I spent a week with Blake and Eleanor, the first and last times we would ever be that close. Of course, I was raised with my grandparents and Blake was like a big brother to me, although we were never too close. I will never forget the first day I met Eleanor. They were about to get married (January 10),one of the coldest nights I will ever remember) and they dropped by on Sunday, December 7, 1941 - the day the Japanese bombed Pearl Harbor.
Blake offered to get me back on the road, but first he wanted to show me what Yale - our previous home) looked like. It had hardly changed, we did stop and see a friend and then, Mina Armstrong, my grade school teacher). Of course, we went by the farm which had really changed and down some side roads I could recall. Finally, we wound up near Capac where the highway headed for Inlay City, and a main highway headed for Detroit. Blake seemed to think I had a lot of courage, hiking around America as he saw it.
My first ride suggested a highway that I did not know about, one that went around Detroit rather than through it and took me far enough to get on his recommended route. Only thing, it passed by a prison and when a guy stopped, he made sure I wasn't an escaped convict he had just heard about. He was headed for a town in Ohio that I forget its name for good reason. He drove into the heart of the city and as I was trying catch a ride, the police stopped and made me show my identification, before telling me I could not hitch hike in the city. I said OK, walked a dozen or so blocks and stuck out my thumb. That was a poor decision as the cop came back and told me - at first, he was going to take me to jail for breaking the law. Instead, he took me to the outskirts of town - far away from any traffic, and let me out. I'll bet I was there for an hour before I saw one car and that was a local., who turned off a block from where I was standing. The sun went down and I began to wonder what I could do. Fortunately, a big Lincoln pulled up, asking where I was headed and told him Columbus - as that was the only city I could think of in that direction.

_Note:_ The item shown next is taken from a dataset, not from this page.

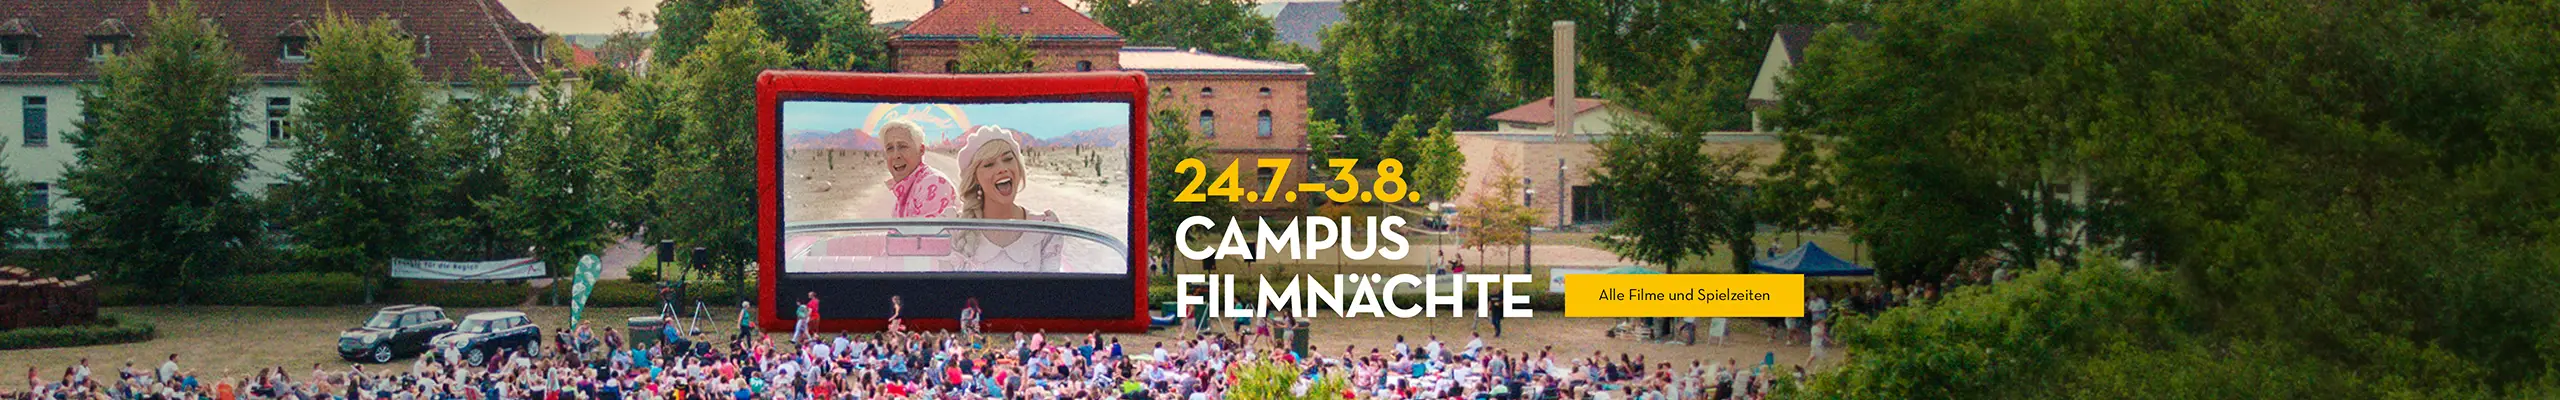 Campus Filmnächte vom 24.7. bis 3.8.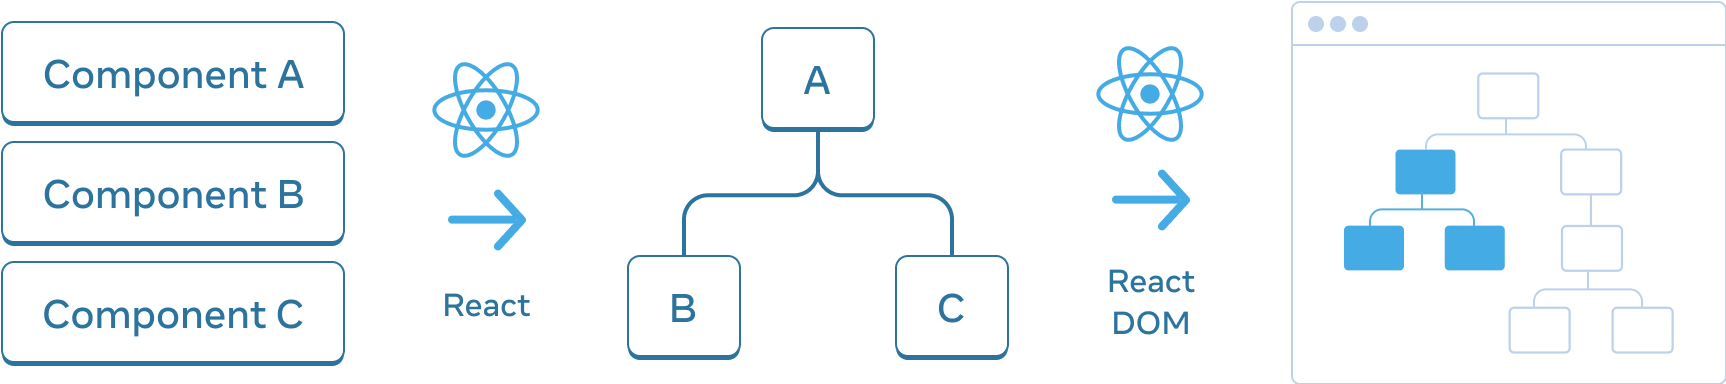 Un diagramme avec trois sections disposées horizontalement. Dans la première section, on trouve trois rectangles empilés verticalement, avec pour libellés « Composant A », « Composant B » et « Composant C ». Une flèche libellée « React », avec le logo React, fait la transition vers le panneau suivant. La section du milieu contient un arbre de composants, avec une racine libellée « A » et deux enfants libellés « B » et « C ». Une flèche libellée « React DOM », là encore avec le logo React, fait la transition vers le dernier panneau. Cette troisième section représente une maquette du navigateur contenant un arbre avec 8 nœuds, dont seul un sous-ensemble est mis en avant (qui représente l’arbre de la section du milieu).

Turns out he was a nice guy, an ex-USAF pilot and when I told him I had used to "boy-sit" (not baby sit) for Colonel Paul Tibbets at Eglin AFB, he told me that they were friends. (Tibbets was the pilot on the Enola Gay that dropped the A-bomb on Hiroshima in Japan. Now he was in business at the airport in Columbus) With that info, he suggested I stay at his house that night and he would rake me to see the Colonel the next day. He had a small mansion and had me sleep in their pool house for the night. I had just got into bed and I heard someone dive into the pool. I peeked out and saw a woman - in the nude, in the water. Good idea, I made sure the door was locked, the curtains pulled and I got into bed and went to sleep.
He called me about 7AM and had me come to the house where he had prepared breakfast and we left a few minutes later. He dropped me off at Tibbets' office, wished me luck and drove off. I discovered the Colonel was flying in later, learned the boys I knew were all in school and I found some magazines to read while I waited. A hour or so later my "benefactor" came back, we learned that Tibbetts was going to be much later and said he would take me to the bus stop where I could get a bus going to Charlotte, NC, which had been my original goal. With that, he gave me a ticket envelope with a bus ticket for Charlotte and a $50 bill - the second one I had received along the way. We parted ways as he told me, the next time I was coming through Columbus to call him and gave me his business card. I discovered he was an official in the local city government.
I was in Charlotte by 4PM and found the YMCA where I got a room and went downstairs to get a cold drink and met a moving van driver looking for a "lumper" to help him the next day. I was his man and he met me at 6:30 the next morning. It was an easy job and he asked if I would like to ride with him on future jobs. Yes, sir. The next day, I discovered a Labor office and was sent to Coca Cola for the day and wound up lifting cases of 32 ounce filled bottles off the line and onto a pallet and I began to think I could not do that for eight hours. I started to ask the supervisor when he told me they were shutting down that line and sent me over to a "testing" area where they were testing drinks. All I had to do was start up a line as directed and stack cases of 12 ounce product on special pallets. That would be my job for the next six weeks.
My moving van driver came by to pick me up for a couple of weekend jobs where we loaded up on Saturday mornings until we were done and I got two days pay. I opened a bank account to take care of the money I was earning.
Meanwhile, I was studying my Bible on the evenings and was getting used to talking about what I was learning from my studies, all the while going to church, whichever was the closest one, wherever I happened to be.
I had no work scheduled one week, so I got a bus ticket and went to Charleston, SC, where I had always wanted to visit and found it to be expensive until a Police office told me about a Mission just outside of the city. I found it and discovered some new friends, a couple who had started it in an old house with a half dozen potential bedrooms, so I stayed with them and spent my days looking for people who could help us fill the bedrooms with cots and places to hang clothes. By the end of the week, we had discovered a lot of help. Charleston has many significant families, wealthy people willing to help us get the Mission underway. I had a call from my van driver and would spend the next two weeks travelling with him.